## Input data
Content starts
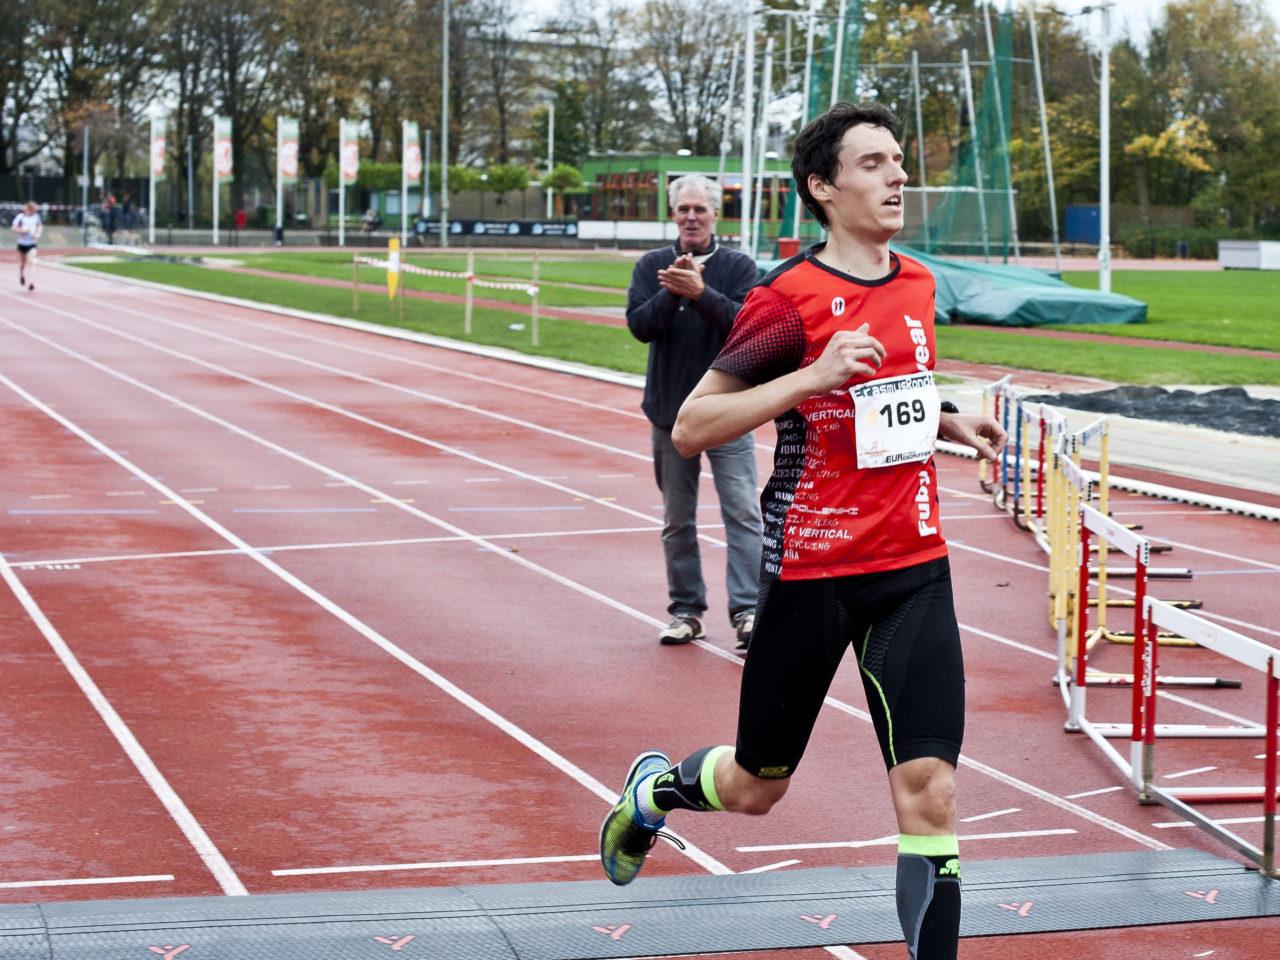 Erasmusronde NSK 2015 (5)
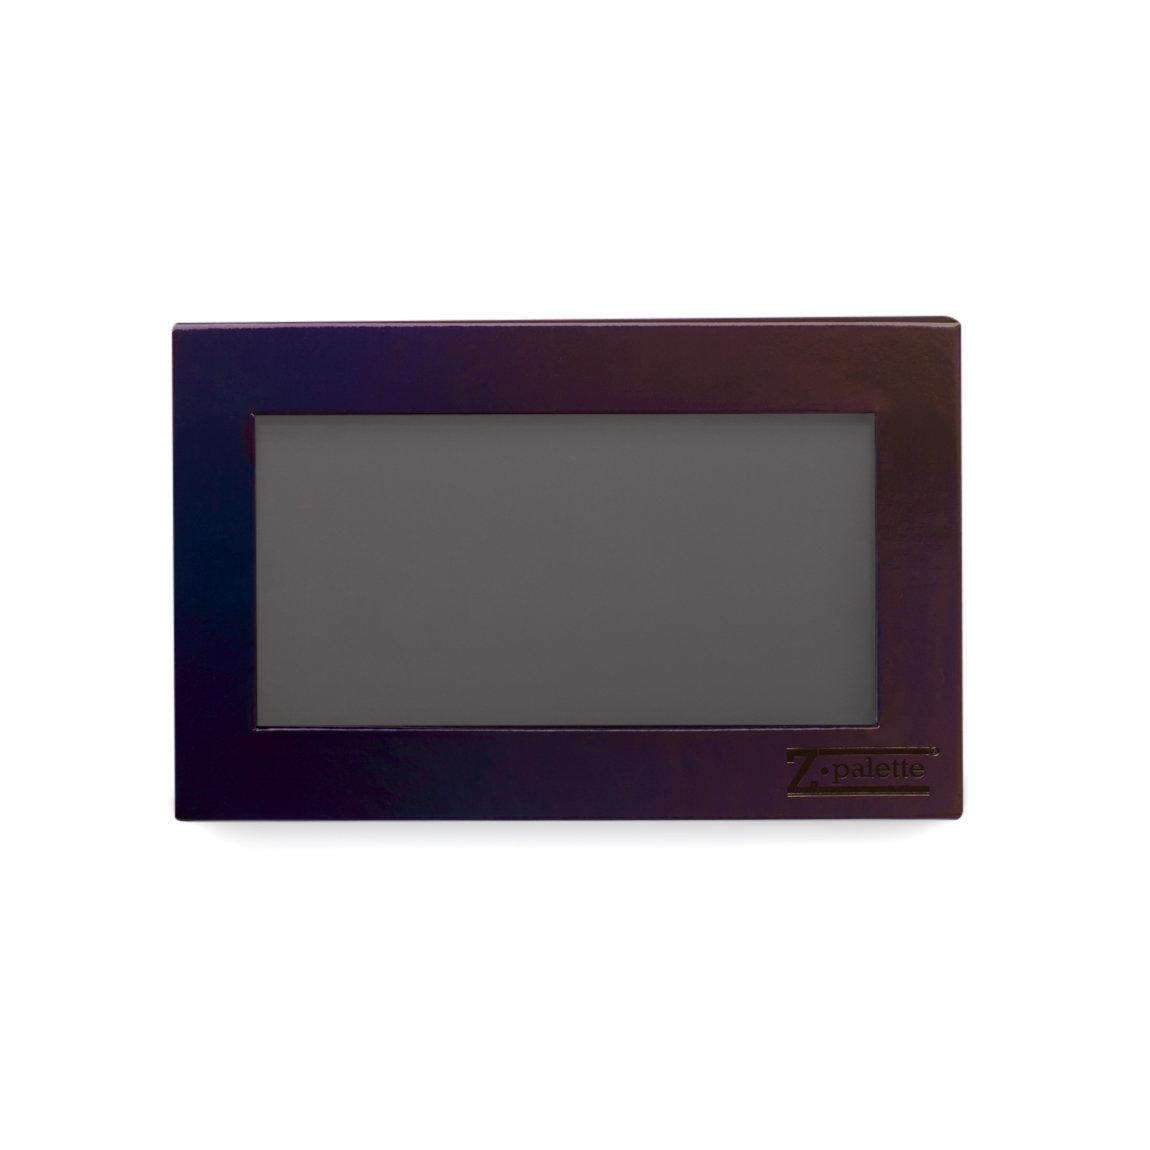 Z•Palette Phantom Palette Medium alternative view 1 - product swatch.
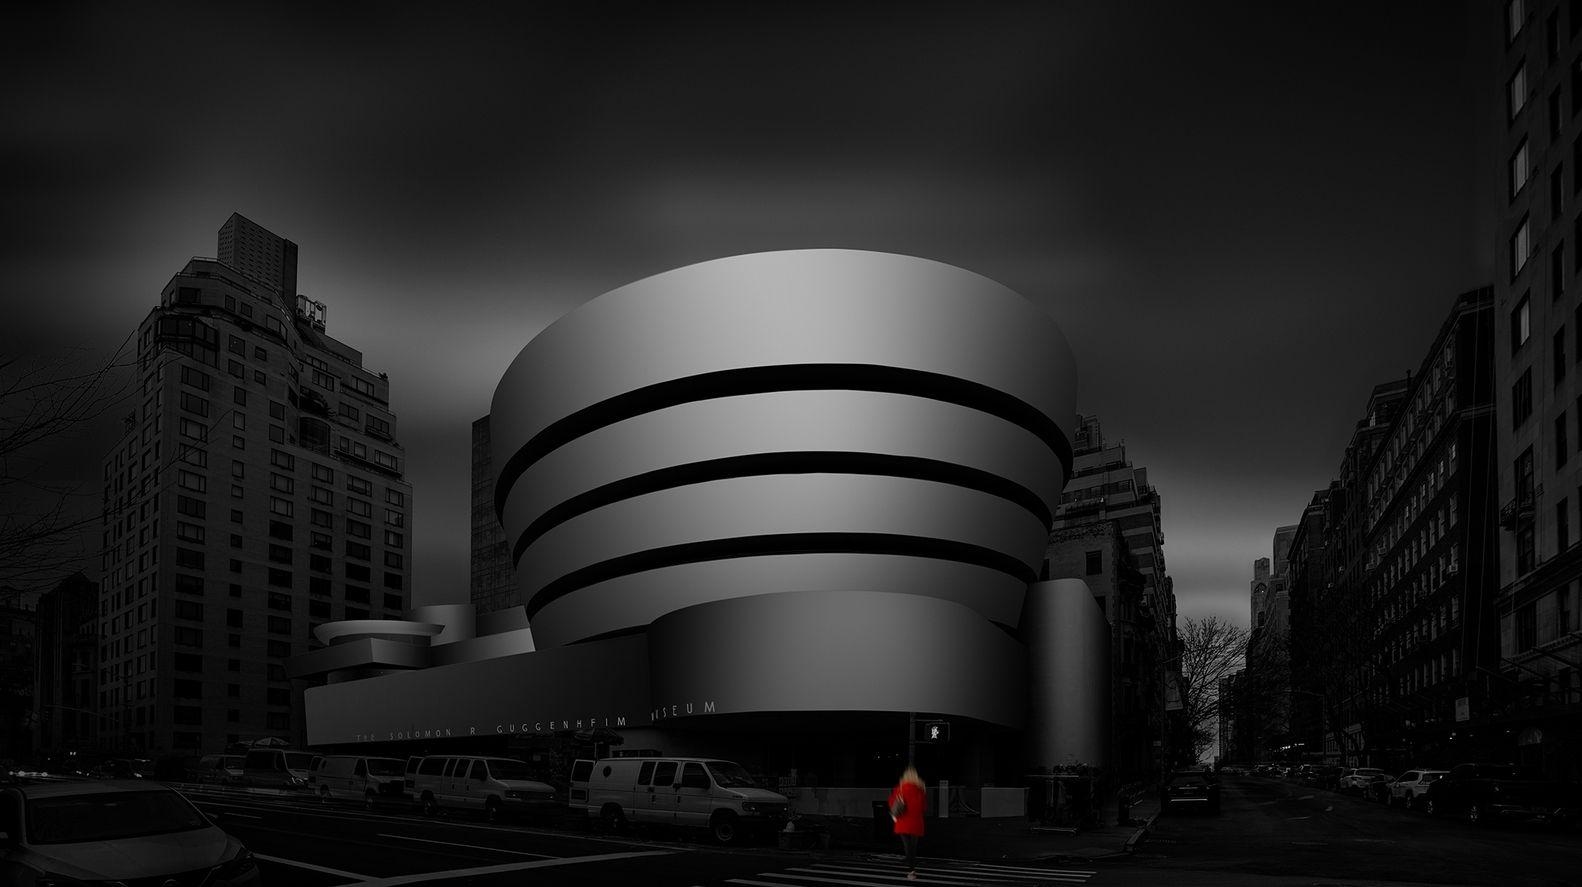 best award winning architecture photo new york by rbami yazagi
Content ends
## What you are asked to do
Reproduce exactly the lines from the one with "Z•Palette Phantom Palette" to the bottom of the listing, both ends included, and nothing else. Skip the pictures.

## Expected output
 Z•Palette Phantom Palette Medium alternative view 1 - product swatch.
 best award winning architecture photo new york by rbami yazagi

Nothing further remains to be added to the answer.